Overtraining is probably the number one cause of tired and sore legs. Without enough rest, there simply isn’t enough time for your body to recover, which can then lead to hitting a plateau in terms of progress, possibly even resulting in injury. It is important that you take regular rest days and avoid running too many miles for too many consecutive days. Mix up your routine to give your legs a break, and you’ll probably find that you’ll return to your running workouts with more strength and speed than before.

Worn Out Shoes

Another common cause for sore legs is worn out shoes. Over time, even the best running shoes lose their ability to absorb shock and provide cushioning for your feet and legs. When that happens, the impact of the workout is felt more strongly, which can lead to sore muscles that take longer to recover. Most experts recommend that you replace your running shoes every 300-500 miles, depending on the type of shoe you wear, your running style, the surface you run on, and so on. Failure to do so could lead to more serious injuries, such as shin splints or runner’s knee, both of which can be very painful and frustrating.

The Wrong Shoes

Even if your shoes are brand new and barely have any miles on them at all, they could still be causing you problems. If the shoes you are wearing aren’t designed to meet your particular needs, it could lead to sore legs or other injuries. If you find that your legs aren’t recovering the way they should, it may be time to consult with an expert. Stop by a local running shop that can help you analyze your stride and running style and recommend a shoe that fits your needs more closely.

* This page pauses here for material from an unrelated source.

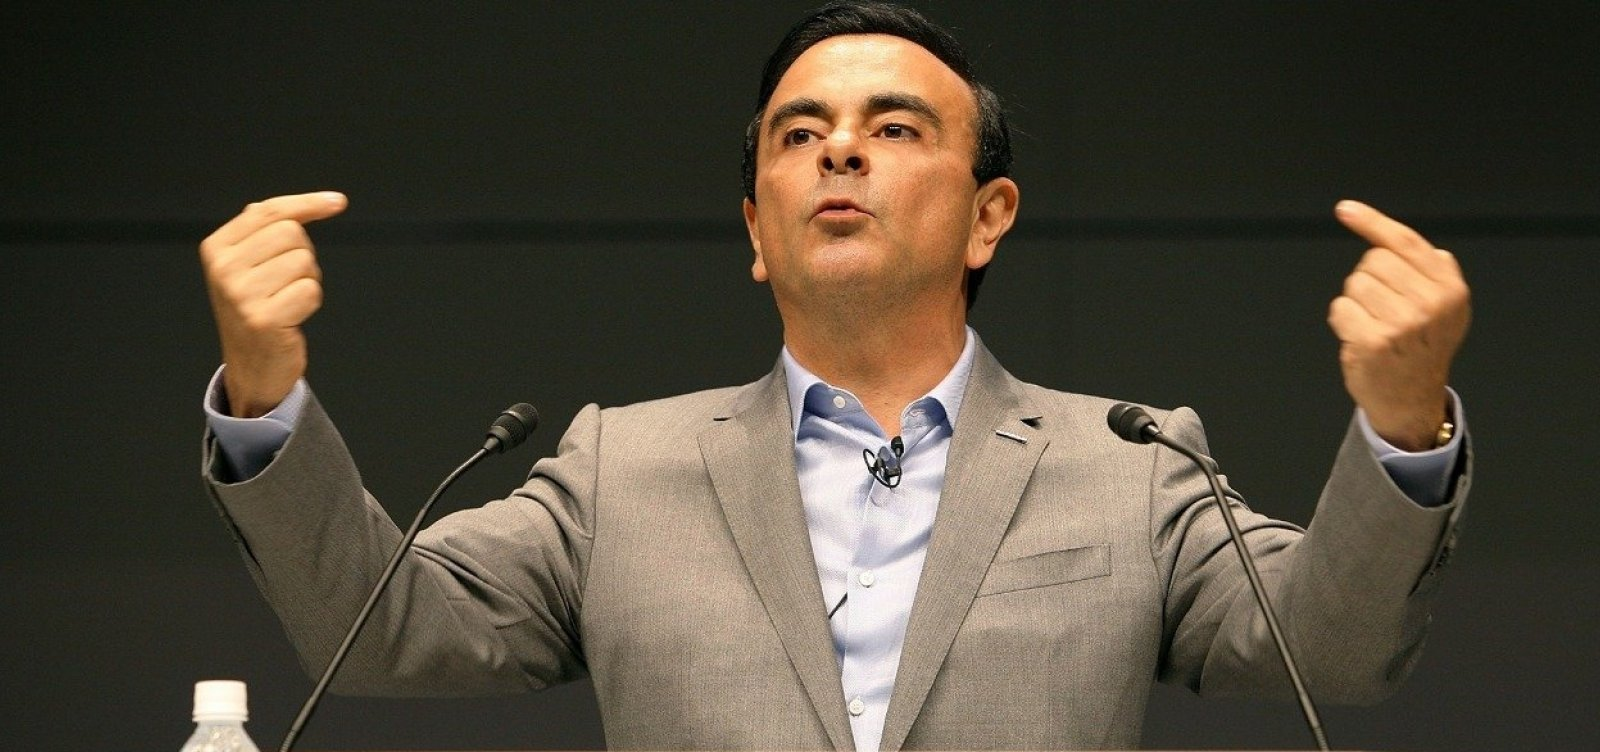 [Promotoria japonesa apresenta novas acusações contra Carlos Ghosn]

Modern running shoes are highly specialized, and what works for one person might not be right for someone else. Discovering which shoe works best for you can be a revelation, making running far more effortless and enjoyable.

Dehydration

The importance of staying hydrated before, during, and after a workout has been stressed many times, but failing to do so can have an impact on your performance. Your body uses fluids to help speed recovery, and if you aren’t drinking enough water or replacing electrolytes, it could cause your muscles to ache and take longer to shake off fatigue. Dehydration often leads to leg cramps as well, which is a sure sign that you need to be taking in more fluids. Give your body what it needs, and it will heal more quickly.

Not Running Enough

This may seem like a strange reason for your legs to hurt after a run, but bear with me for a moment. If you’re new to running, or returning after a period of inactivity, it is not uncommon for your muscles to be sore. It takes time for your legs to get used to this type of activity, but if you do it regularly enough that soreness will start to fade. The important thing is to not overdo it when first getting started and stick to a good training plan that ramps up distance and speed over time. Eventually, your legs will become so strong that running a few miles won’t seem to bother them at all. It just takes lots of patience and perseverance to get to that point.

Beyond these common causes of sore legs, it is possible that you are experiencing an injury of some sort. If that might be the case, take some time off and allow your body plenty of time to recover and regain strength before resuming your running workouts. If the problem persists, be sure to consult a doctor.